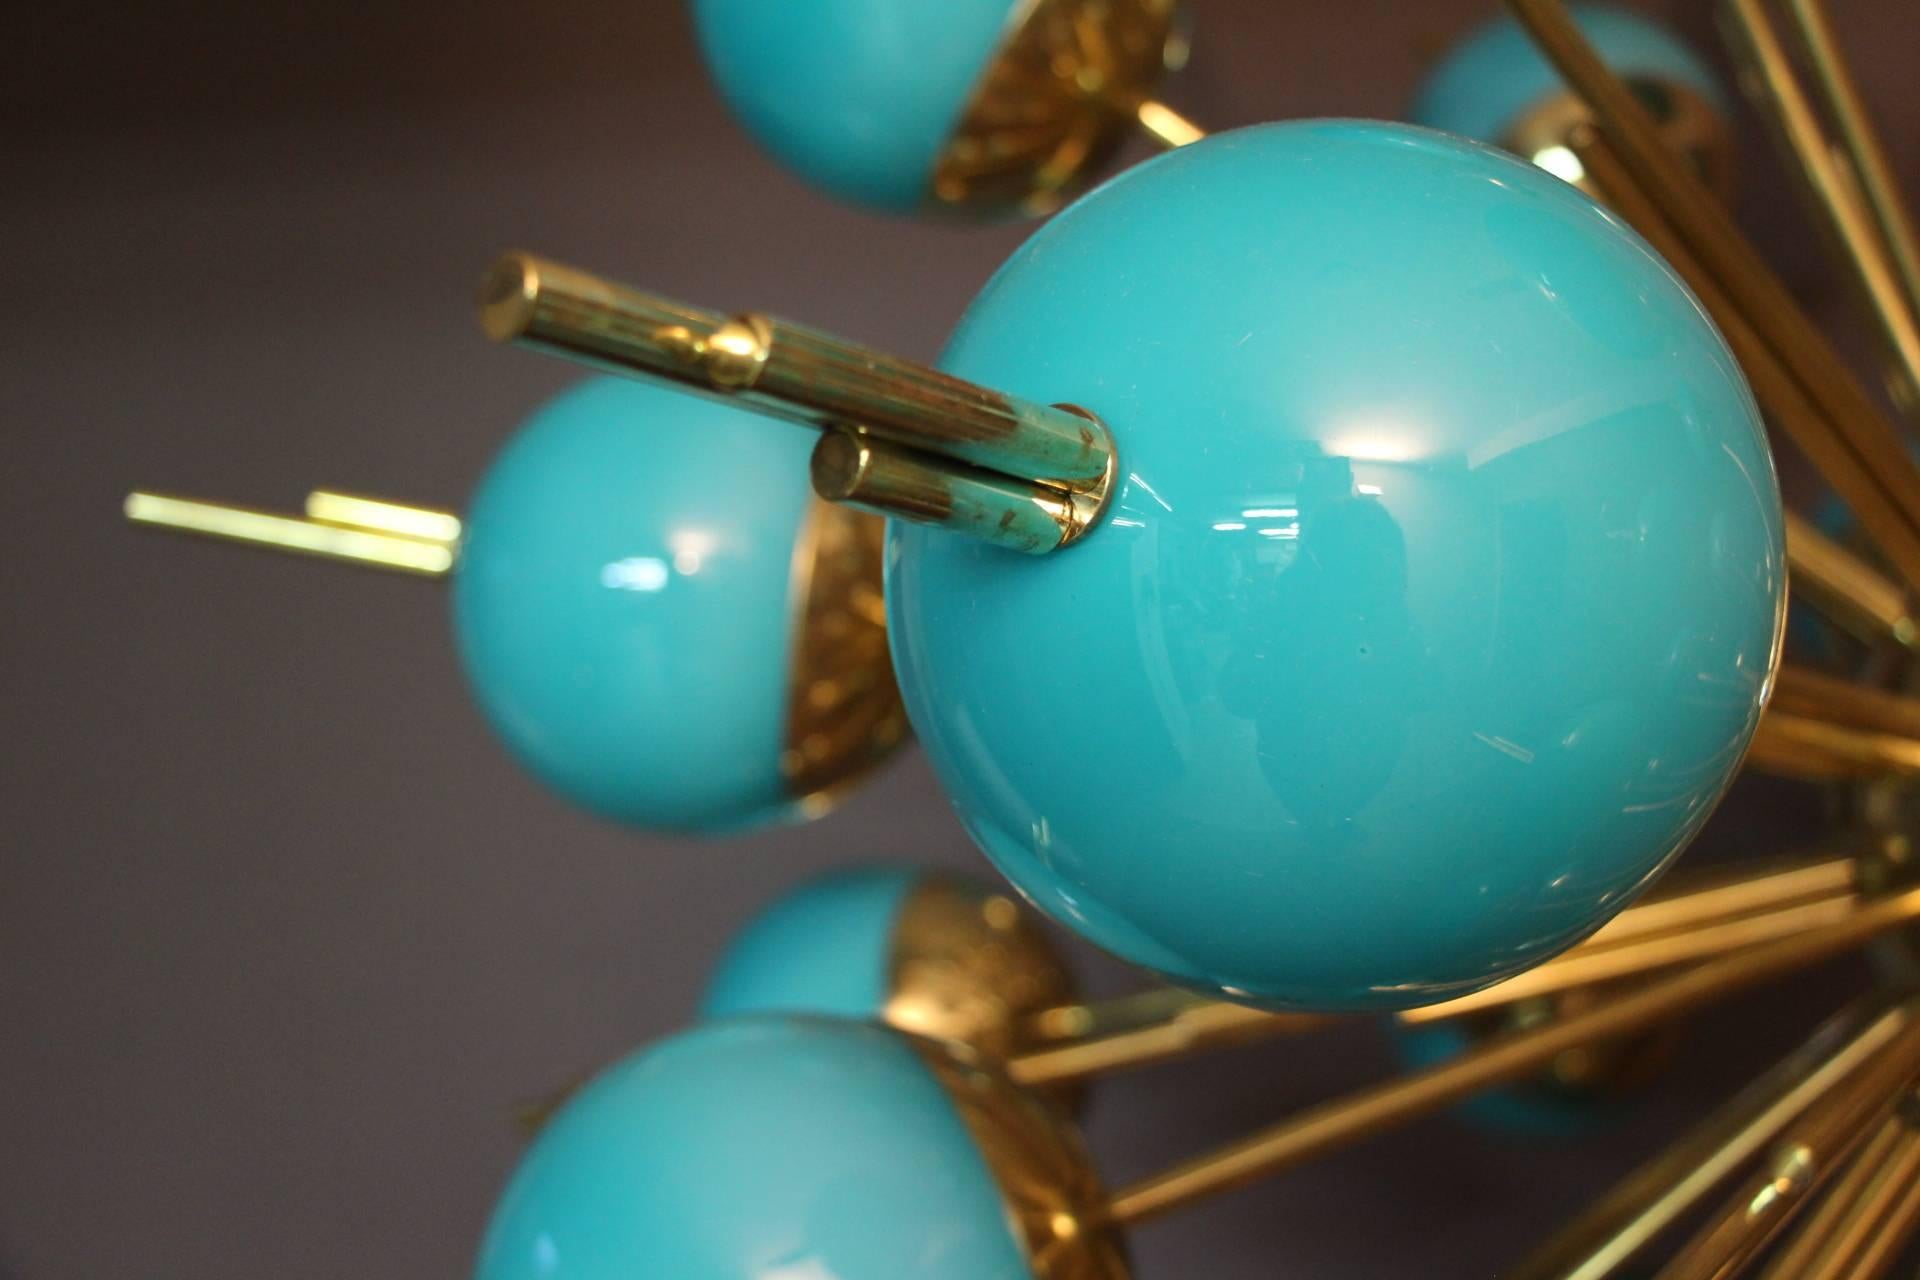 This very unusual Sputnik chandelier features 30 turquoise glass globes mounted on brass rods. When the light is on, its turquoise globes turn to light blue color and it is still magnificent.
* * *
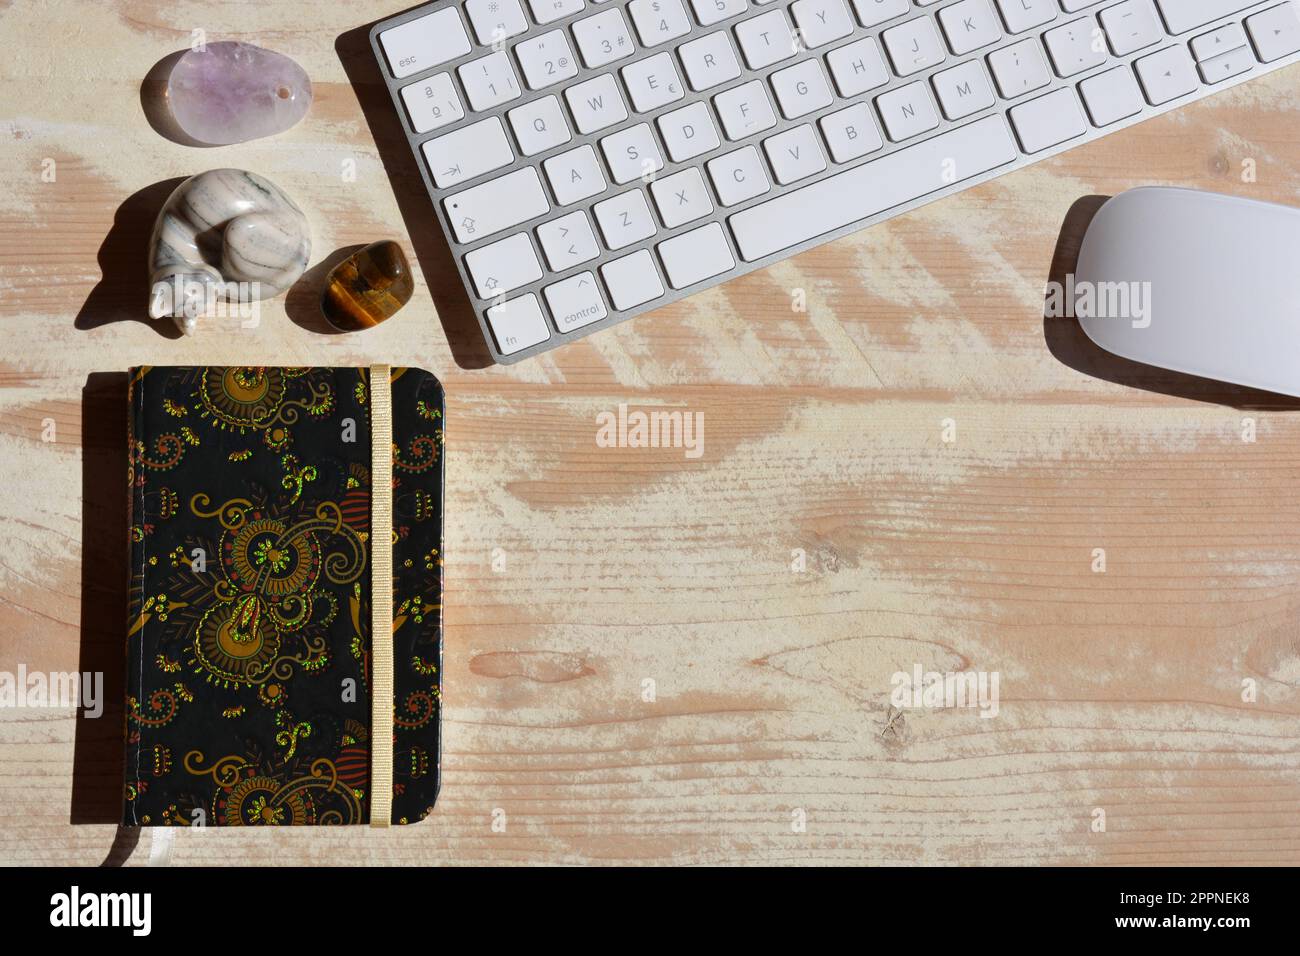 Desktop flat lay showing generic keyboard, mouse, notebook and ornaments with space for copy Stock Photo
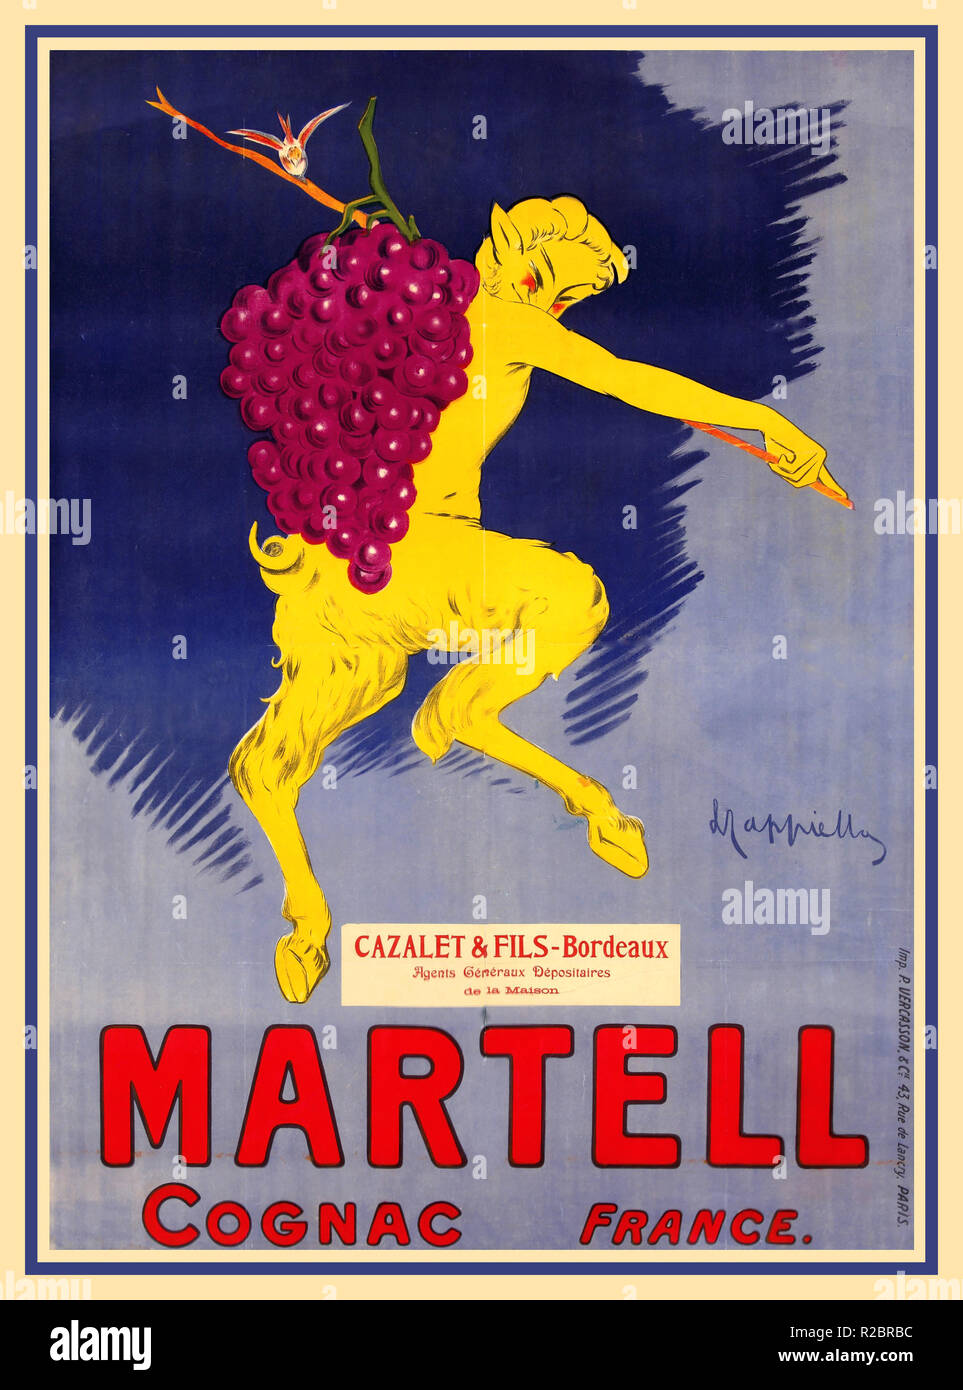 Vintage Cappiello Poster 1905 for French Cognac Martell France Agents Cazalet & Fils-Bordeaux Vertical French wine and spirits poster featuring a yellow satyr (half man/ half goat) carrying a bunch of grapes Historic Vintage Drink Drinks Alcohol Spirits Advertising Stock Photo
...
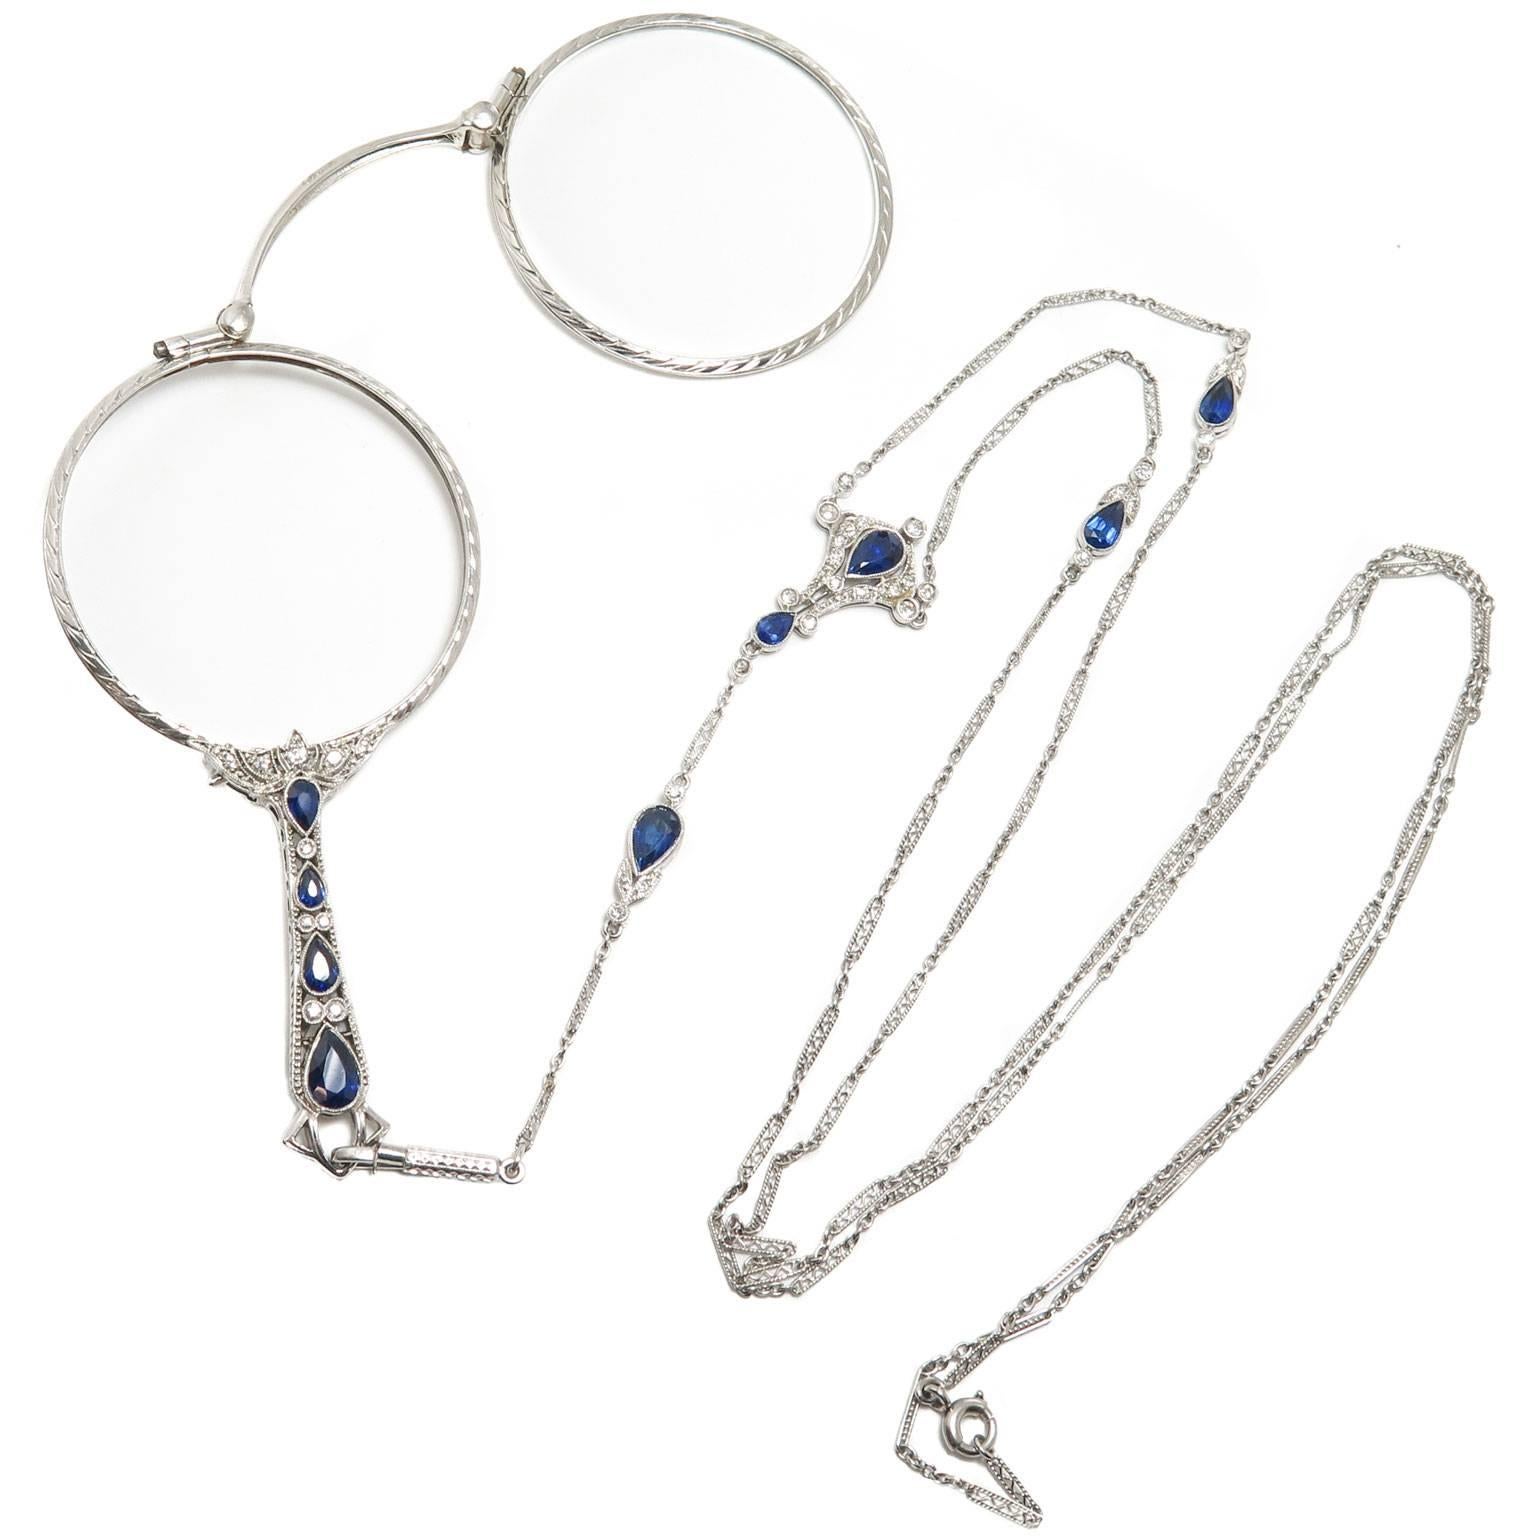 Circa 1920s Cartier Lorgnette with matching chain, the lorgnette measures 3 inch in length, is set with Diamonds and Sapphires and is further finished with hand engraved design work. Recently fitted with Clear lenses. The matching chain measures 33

[EXERCISE]: Your task is to copy only the lines above starting at the one containing "Desktop flat lay" and ending at the one containing "Vintage Cappiello Poster". Copy them exactly, both ends included, and omit the pictures.

[ANSWER TO THE EXERCISE]:
 Desktop flat lay showing generic keyboard, mouse, notebook and ornaments with space for copy Stock Photo
 Vintage Cappiello Poster 1905 for French Cognac Martell France Agents Cazalet & Fils-Bordeaux Vertical French wine and spirits poster featuring a yellow satyr (half man/ half goat) carrying a bunch of grapes Historic Vintage Drink Drinks Alcohol Spirits Advertising Stock Photo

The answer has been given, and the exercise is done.